_Supplied data_
^^^^

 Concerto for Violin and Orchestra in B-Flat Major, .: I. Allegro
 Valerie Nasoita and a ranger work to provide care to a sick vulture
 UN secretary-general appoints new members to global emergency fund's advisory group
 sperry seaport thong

^^^^

_Work item_
Return every line from the one holding "UN secretary-general appoints" through the end of the data, exactly as it appears, with both ends kept and nothing else.

_Your response_
 UN secretary-general appoints new members to global emergency fund's advisory group
 sperry seaport thong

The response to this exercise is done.